(Stored data begins)
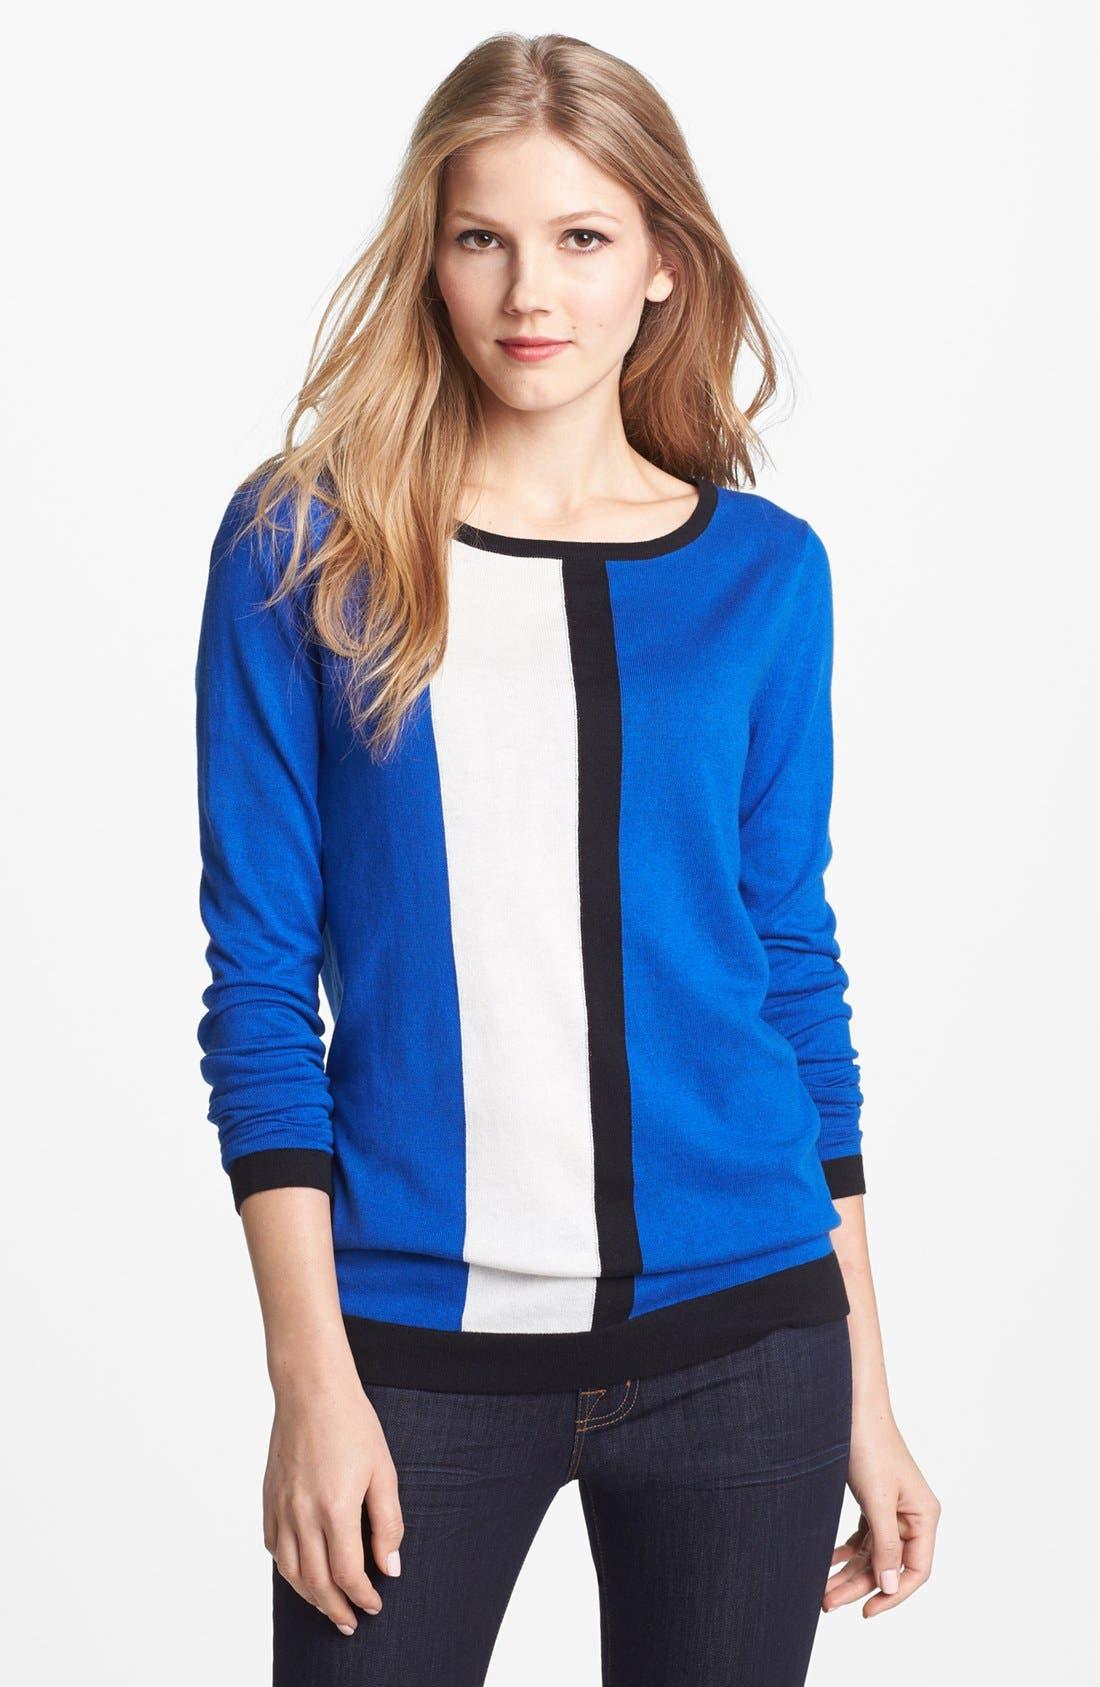 Main Image - Vince Camuto Vertical Stripe Colorblock Cotton Blend Sweater
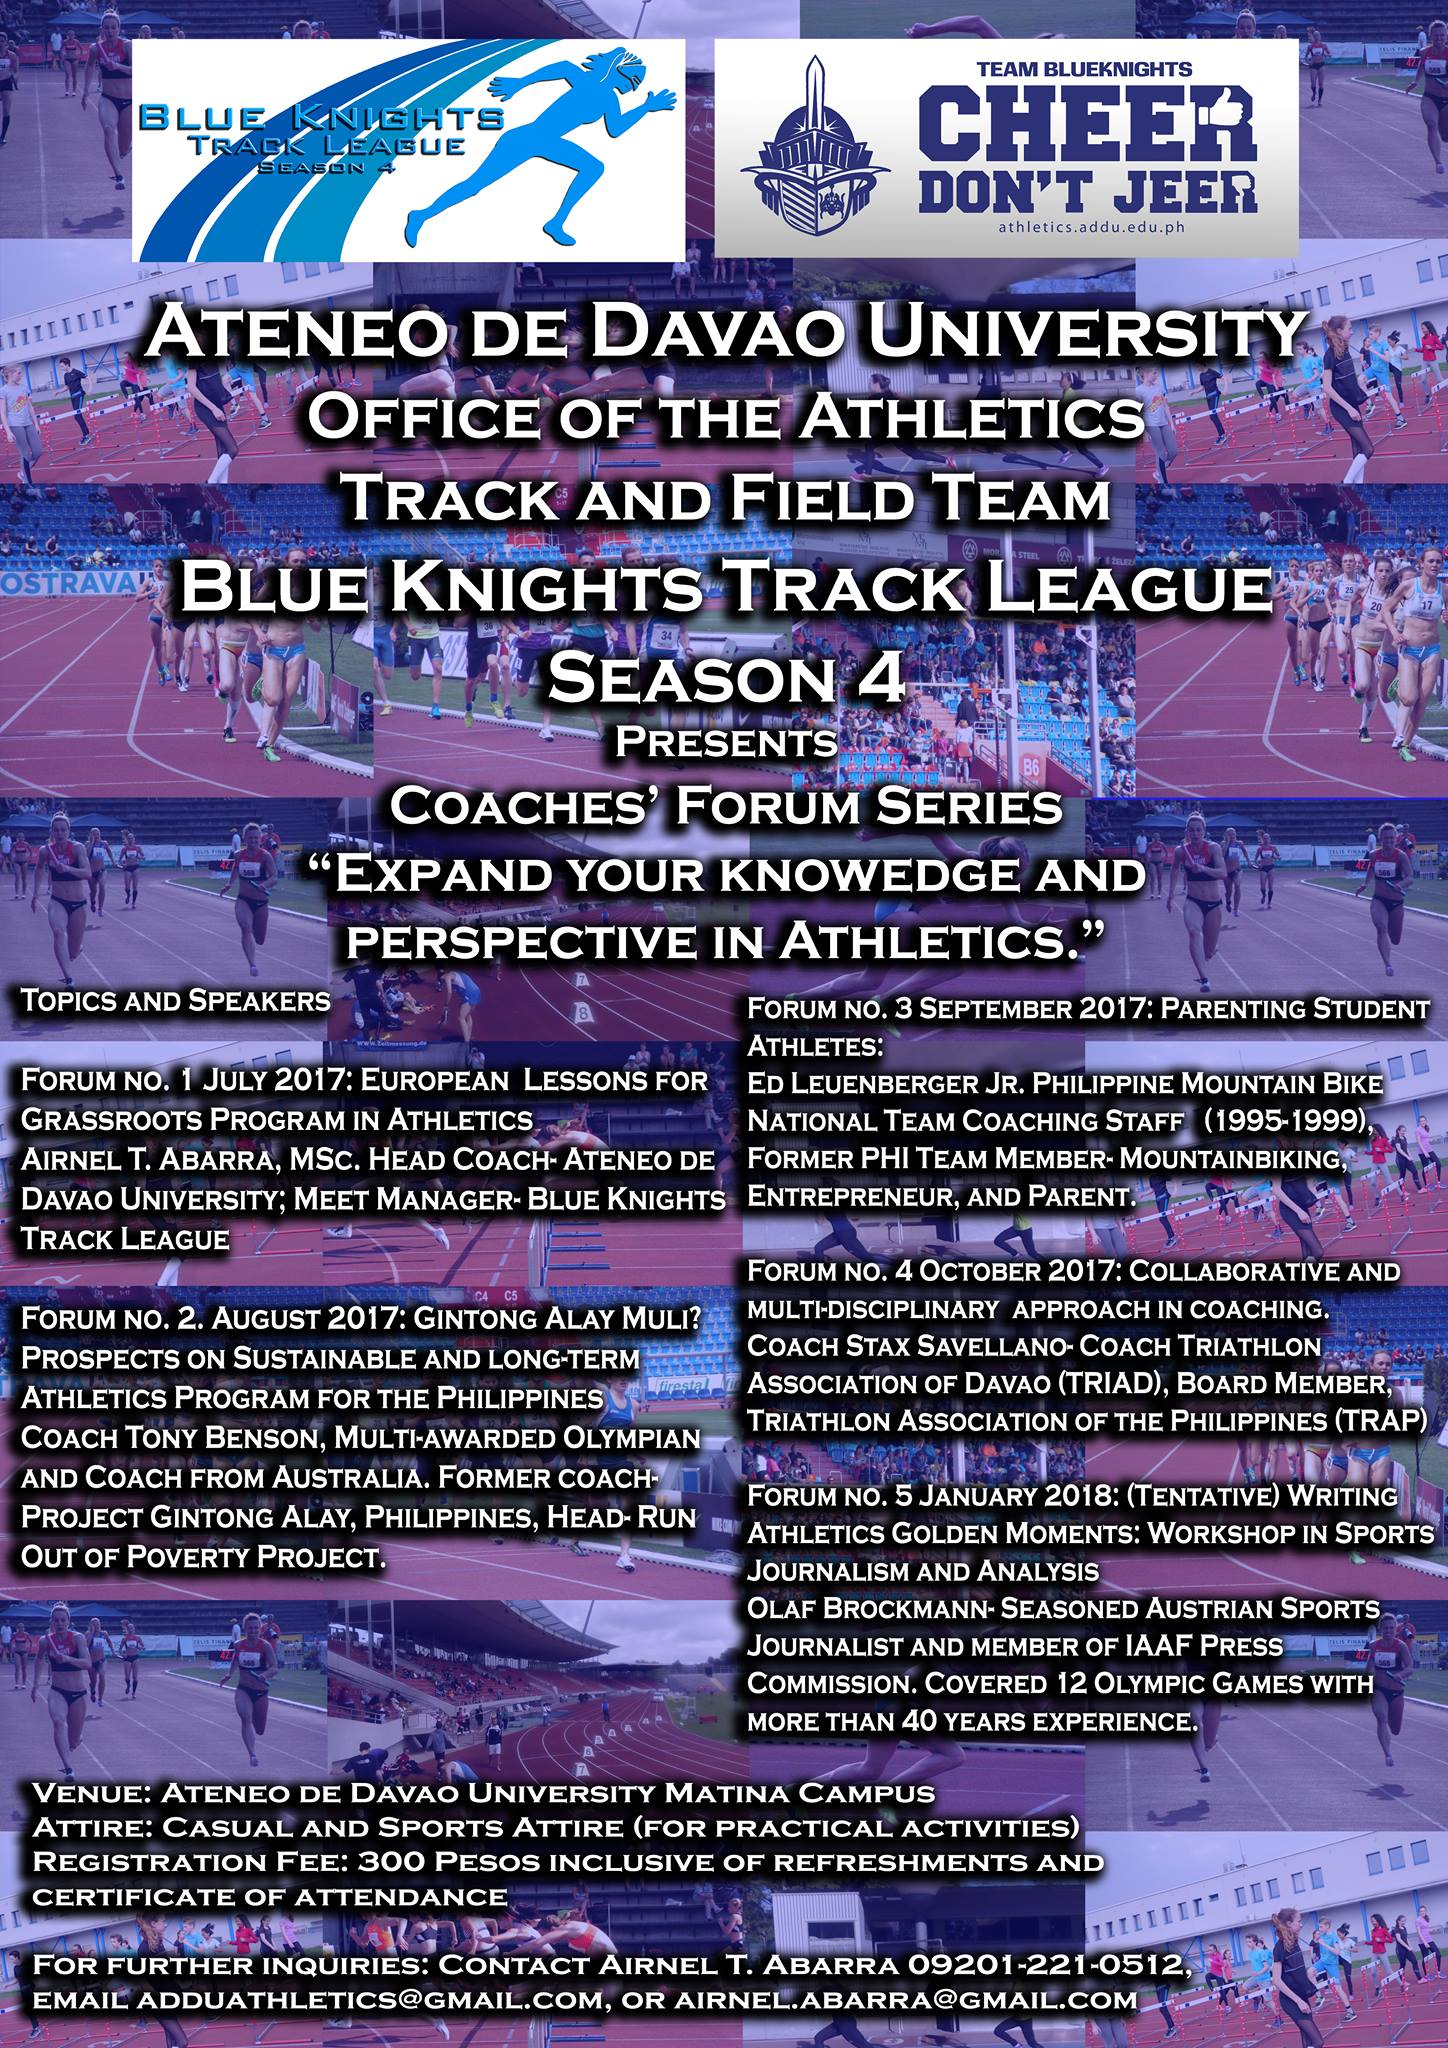 Blue Knights Track League Season 4 Coaches Forum
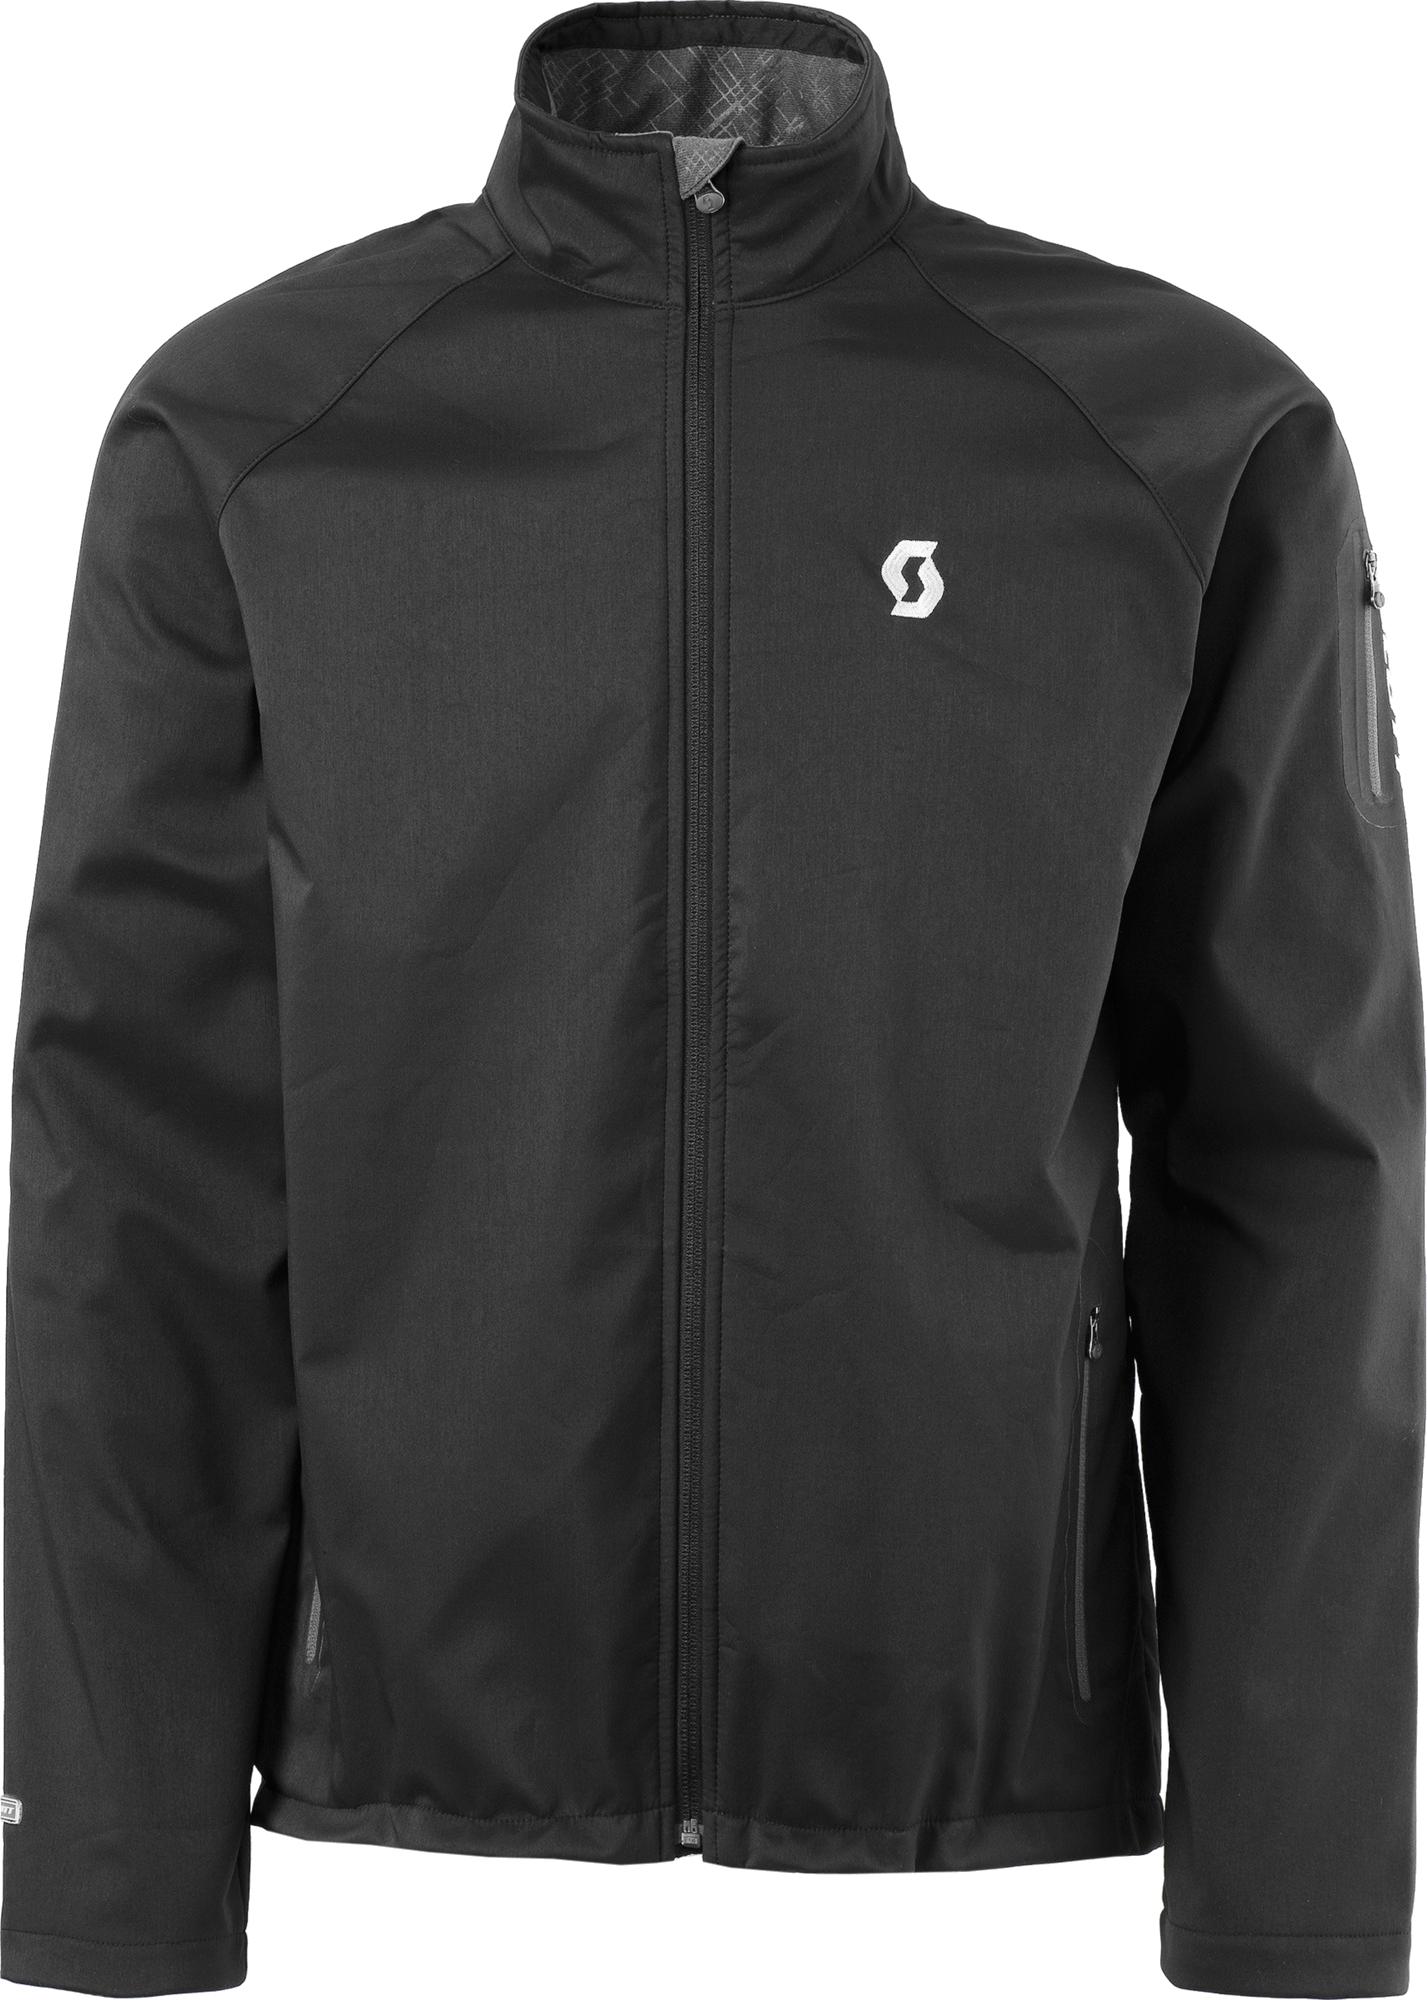 Black Jacket | Gommap Blog
(Stored data ends)
What you should do »
Your answer must be an exact copy of the lines from the one with "Blue Knights Track" through the final line of the data, both included, without any pictures.

Reply »
 Blue Knights Track League Season 4 Coaches Forum
 Black Jacket | Gommap Blog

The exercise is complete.